Michael Markowitz v. William Nicholson

U.S. Court of Appeals for the Third Circuit

Michael Markowitz v. William Nicholson

Opinion

NOT PRECEDENTIAL

UNITED STATES COURT OF APPEALS FOR THE THIRD CIRCUIT ___________

No. 23-1691 __________

MICHAEL MARKOWITZ, Appellant

v.

WILLIAM NICHOLSON, CHCA; ROBERT GILMORE, Former Superintendent; JAMES FETTERMAN, CRNP; SHARON COLAIZZI, CRNP; DR. TIMOTHY KROSS ____________________________________

On Appeal from the United States District Court for the Western District of Pennsylvania (D.C. Civil Action No. 2:20-cv-01311) District Judge: Honorable David Stewart Cercone ____________________________________

Submitted Pursuant to Third Circuit LAR 34.1(a) September 18, 2023

Before: KRAUSE, PHIPPS, and SCIRICA, Circuit Judges

(Opinion filed: September 26, 2023) ___________

OPINION* ___________

* This disposition is not an opinion of the full Court and pursuant to I.O.P. 5.7 does not constitute binding precedent. PER CURIAM

Pro se appellant Michael Markowitz, a Pennsylvania state prisoner, suffers from

chronic pain. He alleges that prison doctors and administrators stopped prescribing him

the pain medication he had relied on for many years without providing any effective

replacement, leaving him in constant pain—and violating the Eighth Amendment. The

District Court granted summary judgment for all defendants. For the following reasons,

we will affirm.

I.

Because Markowitz appeals from the grant of summary judgment, we construe the

facts in the light most favorable to him. Markowitz is incarcerated at SCI-Greene. He

suffers from medical conditions and injuries—primarily a .38-caliber bullet wound to his

neck—that cause him chronic neuropathic pain. ECF No. 4 at 3. For about 15 years,

Markowitz’s pain had been treated with the drug gabapentin, also known by the brand

name Neurontin. In April 2019, prison doctor Timothy Kross took Markowitz off

gabapentin because of its potential for abuse and because other pain medications are

available. Markowitz immediately filed two prison grievances. Prison officials denied the

grievances, finding that Kross’s decision was based on his sound medical judgment.

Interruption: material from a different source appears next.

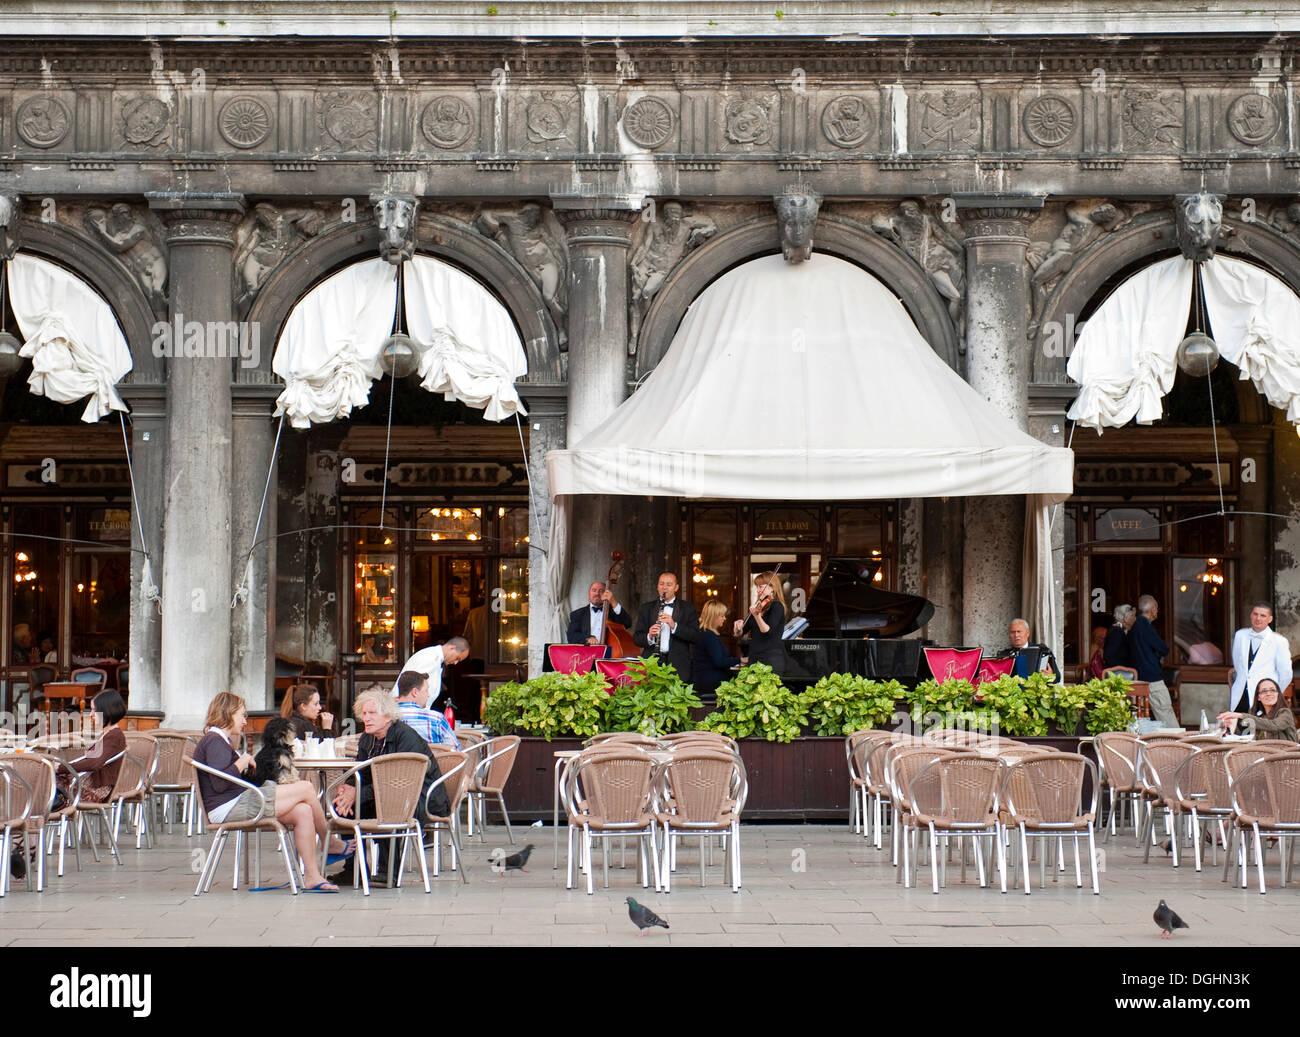 Best Restaurants In San Marcos Venice

Nonetheless, Markowitz’s gabapentin was renewed about a month after Kross had

stopped it, and he continued to receive gabapentin until mid-December 2019. That

month, Markowitz learned that the prison planned to discontinue his gabapentin

2 prescription once again and transition him to a different drug, duloxetine (brand name

Cymbalta). Markowitz immediately filed another grievance protesting the change, but

prison officials denied the grievance as frivolous. The officials noted that Markowitz had

already filed unsuccessful grievances about not getting gabapentin and said that his

complaints amounted to mere disagreements about his preferred pain medication. Over

the next month, Markowitz’s gabapentin dosage was lowered and duloxetine introduced,

until his gabapentin was stopped completely in January 2020.

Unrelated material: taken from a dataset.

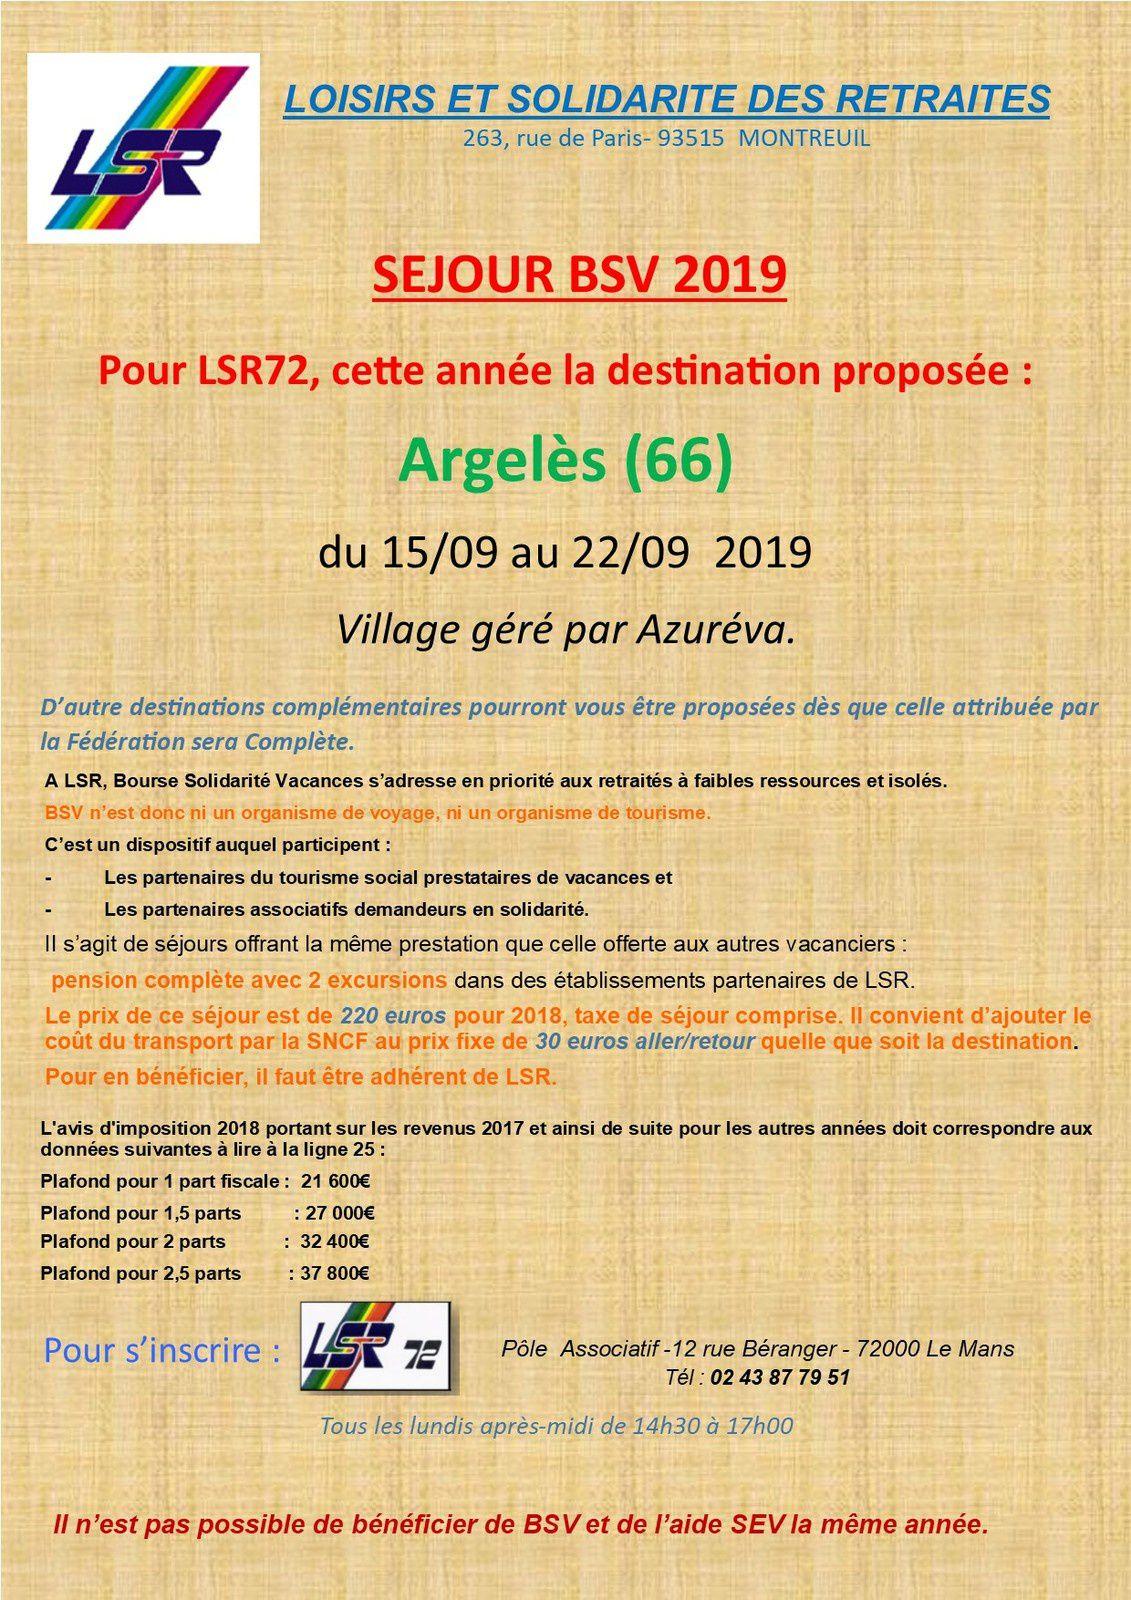 Séjours BSV  (Bourse Solidarité Voyages) 2019

After exhausting the grievance process, Markowitz filed a verified complaint in

September 2020 under

42 U.S.C. § 1983

, stating that the loss of gabapentin had left him

in constant and extreme pain for the past nine months. He further stated that the

duloxetine was ineffective at treating the pain, that prison officials knew it because he

had told them so through the grievance process, and that the officials failed to remedy the

situation. Markowitz argues that this amounts to cruel and unusual punishment under the

Eighth Amendment. His complaint named five defendants. Three, Dr. Kross, Nurse

Colaizzi, and Nurse Fetterman, are medical providers who treated him. Two are prison

administrators: Nicholson was the Corrections Health Care Administrator at SCI-Greene,

and Gilmore was the prison superintendent.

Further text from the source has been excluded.